Monday mediation for beginners
Finding your way to Meditation
Dhyana is one of the 8 limbs after Dharana and before Samadhi, it is on the path to ecstasy or some may call it Nirvana, a place that everyone would like to dwell in. As one of the final three stages it is only possible to get to meditation after concentration and focus in dharana. An exercise such as Trataka (black dot/candle gazing) can help the mind to find this focus.
Journeying through these limbs is said to awaken our being, invoking enlightenment in to the living being we inhabit, allowing us to access full consciousness and reach a state of bliss (Samadhi). Through this practice of awareness known as transcendental awareness it is possible for the practitioner to harness this feeling and allow it to be present in others areas of one’s life.
For me mediation is a chance to find a little peace, distance to reflect and lightness in my soul. With the opportunity to find a little bliss amongst the chaos of the world, especially when things seem to be out of sync. It is in these moments that I can find calm, a safe place to ground whilst still finding light balancing the environment around me.

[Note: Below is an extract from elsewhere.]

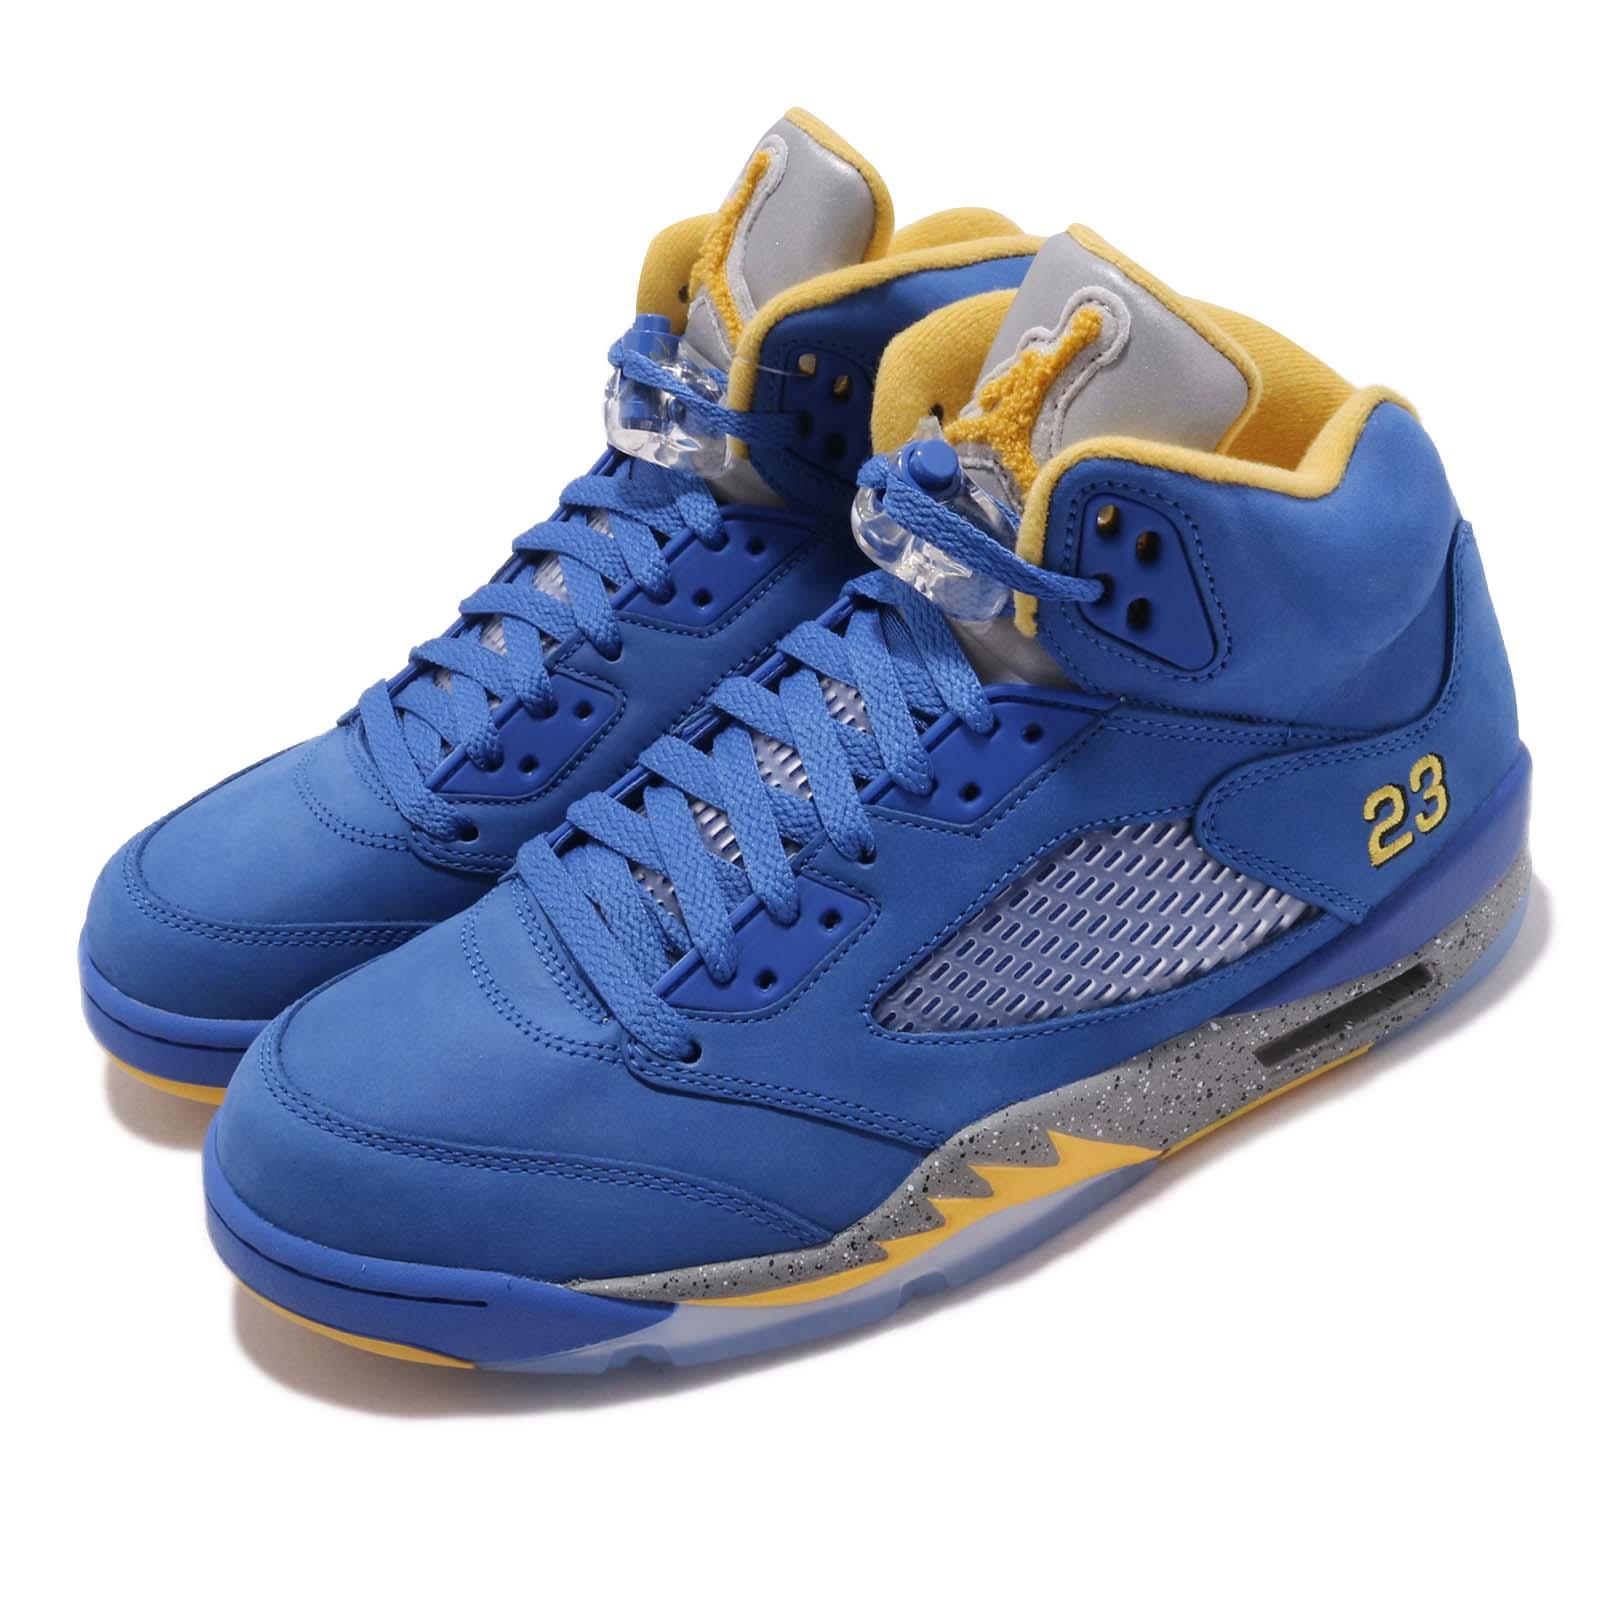 Nike 籃球鞋 Air Jordan 5 經典 男鞋 CD2720-400

I love the cycle of practice, asana dealing with yesterday, pranayama dealing with now and mediation dealing with what is yet to come. This practice helps me to prepare my mind for dhyana and can create the right conditions so that my mind can connect to an object and settle, without this process I often find that the mind wants jump around and it can be more challenging to settle.
“The ultimate goal of yoga is to always observe things accurately, and therefore never act in a way that will make us regret our actions later” (Desikachar)
I have first had experience that mediation has helped me to do exactly this, taking time to stop be still and reflect. This is why it is a part of yoga.
The practice of trataka boosts concentration and memory, and promotes strong, healthy eyes.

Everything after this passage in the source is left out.